A movie about The Velvet Underground has been released
Director Todd Haynes has made a film about the legendary band The Velvet Underground.
While following the documentary truth, the film also conveys a touch of the magic and radicalism of The Velvet Underground
“The Velvet Underground” is the first documentary by the renowned Todd Haynes (“Far From Heaven,” “Carol,” “Dark Waters”), but is seen as a continuation of the quest begun in his two feature films about musicians, “The Velvet Goldmine” (1998) and “I’m Not There” (2007). “Velvet Goldmine” was about the glam-rock era, with only strokes of David Bowie and Iggy Pop in the central characters. “I’m Not There” was technically a biopic of Bob Dylan, but the latter was played by six actors, including Cate Blanchett and a young dark-skinned Marcus Carl Franklin, and instead of a solid plot there were six stories, both real and taken from songs. “I’m Not There” is remembered as an example of a “good biopic” every time something needs to be contrasted with “Doors” or “Bohemian Rhapsody.” A true biopic is impossible, but stories about artists of the past must be told, or they will be forgotten (and back catalogs will stop selling).
In the new film The Velvet Underground, Todd Haynes is very careful to follow the historical truth, telling the story of the two founding members of The Velvet Underground, Lou Reed and John Cale.
The first was a staunch rock ‘n’ roller who, as a young man, was forced by his parents to undergo electroshock therapy to rid him of his bisexual tendencies. Before he became one of rock’s biggest innovators, he still managed to sing in the sweet doo-wop band The Jades and work on songs for the pop label Pickwick Records. In other words, before collapsing into the abyss of Andy Warhol’s Factory experiments, Lou Reed mastered the basics of the pop craft and understood what the public loves and what you need to build off of when making new music.
Welsh violist John Cale, by contrast, was an absolute elitist. Having gained an understanding of classical music at the University of London and of contemporary music at La Monte Young’s Dream Syndicate, he regarded music-making exclusively as high art. He might have been interested in the Chinese idea of “music that has sounded for centuries” or in some performance with an axe smashing a piano, but not in frivolous rock ‘n’ roll.

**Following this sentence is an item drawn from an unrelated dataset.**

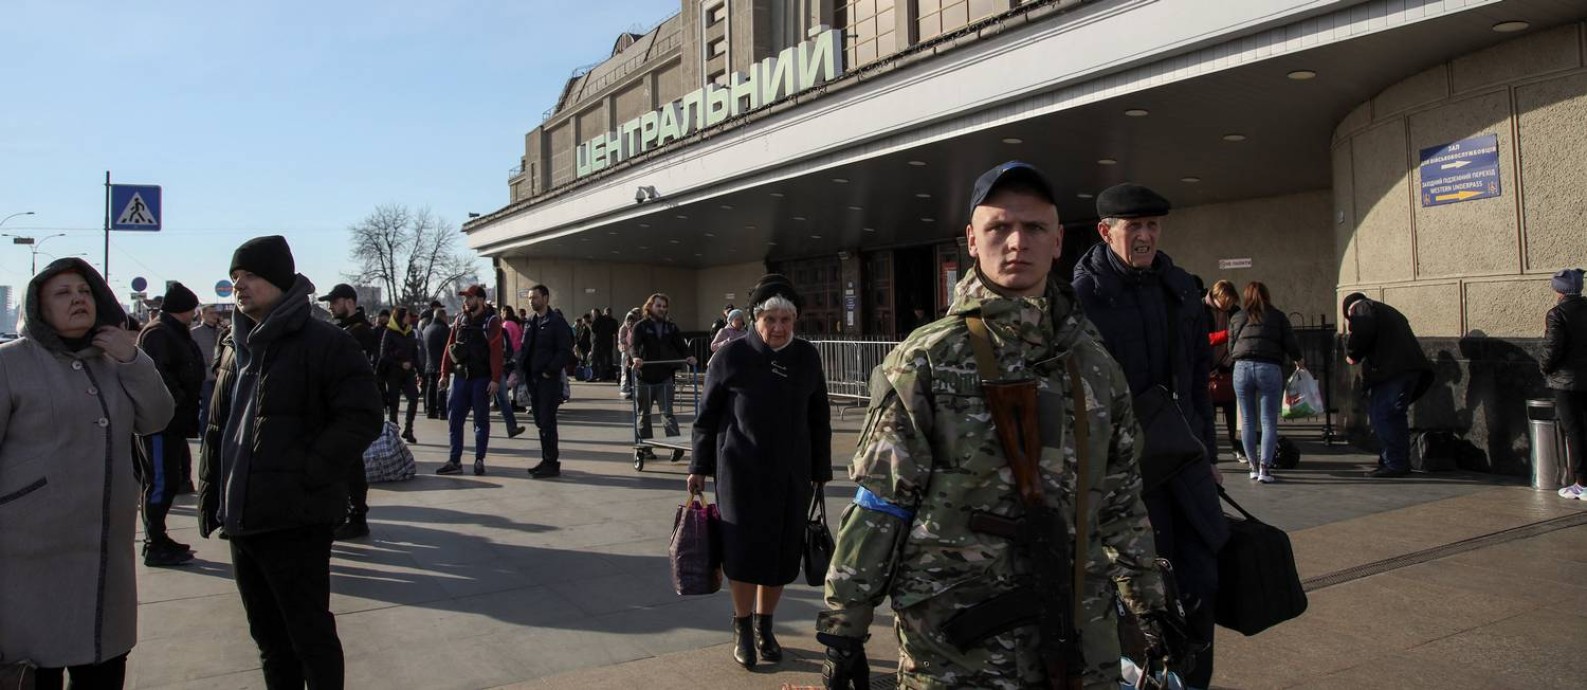 Saindo da estação de trem, pessoas retornam a Kiev após tropas russas se retirarem da região Foto: Joseph Campbell / Reuters
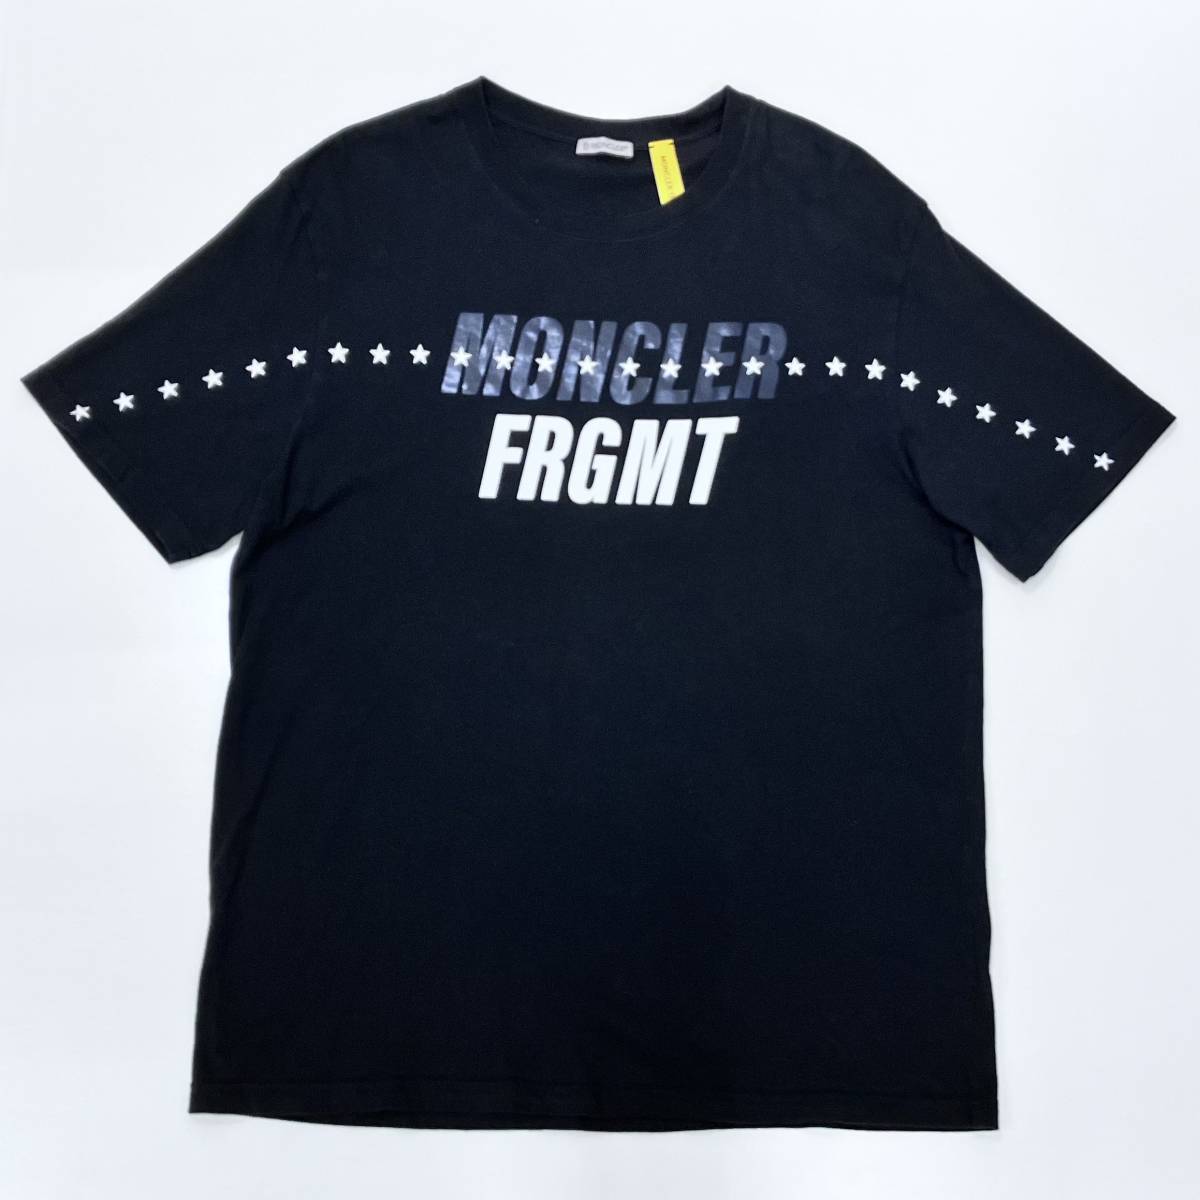 MONCLER モンクレール 半袖 Tシャツ ロゴ ビッグ ブラック G209U800003 GENIUS FRGMT サイズL

Andy Warhol was not only the producer of the new band, he was actually the first to realize that the packaging in pop music meant as much as the songs themselves.
Hence the endless photo sessions at the Factory, hence the legendary banana on the cover of The Velvet Underground’s debut album, hence even the invitation of the German actress Christa Peffgen, who had become famous for her appearance in Federico Fellini’s Sweet Life and sang on stage under the pseudonym Niko. Warhol was fascinated by her and understood that such a “white iceberg” would look great on stage against the backdrop of black-skinned rockers. But Nico herself felt she was underappreciated as a singer, and this is one of the conflicting points in the band’s history.
Todd Haynes recounts well-known events using a poly-screen that primarily evokes the 1970 film Woodstock. For example, in one part of the screen, shots of the New York streets of the 1960s are running, while from the other, one of the band’s musicians looks at the viewer, almost unblinking. These Warhol video portraits are looped by Todd Haynes in “giffy” mode, and the very nervous rhythm of what’s happening on the screen makes a special connection to the songs of The Velvet Underground. The band’s classic compositions are often built on repetitive elements and a monotonous rhythm, creating a hypnotic sense of stupor and danger.
When the narrative focuses on the hero in one part of the screen or on another “factory” heppening, the character of the next chapter already appears in the other.
Such a presentation is not always comfortable for the viewer, but the metaphor is transparent: Nico, The Velvet Underground and Andy Warhol were able to see signs of the future in the present. It’s not for nothing that they’ve been called the harbingers of punk rock, the progenitors of drone and the forerunners of noise.
The most valuable thing in the film is the testimonies of the participants of the events. Many of the interviews are from the archives, but living ex-participants of The Velvet Underground John Cale and Maureen Tucker were interviewed especially for the film. Also in the frame is a huge number of their associates, including the still-living La Monte Young and the charming, despite their age, Mary Ravens. Long-gone storytellers interrupt the living, and this conversational polyphony rhymes with the noise of the New York streets.
Todd Haynes simultaneously narrates the birth of a new musical language and himself searches for a new language for documentaries and for stories about celebrities.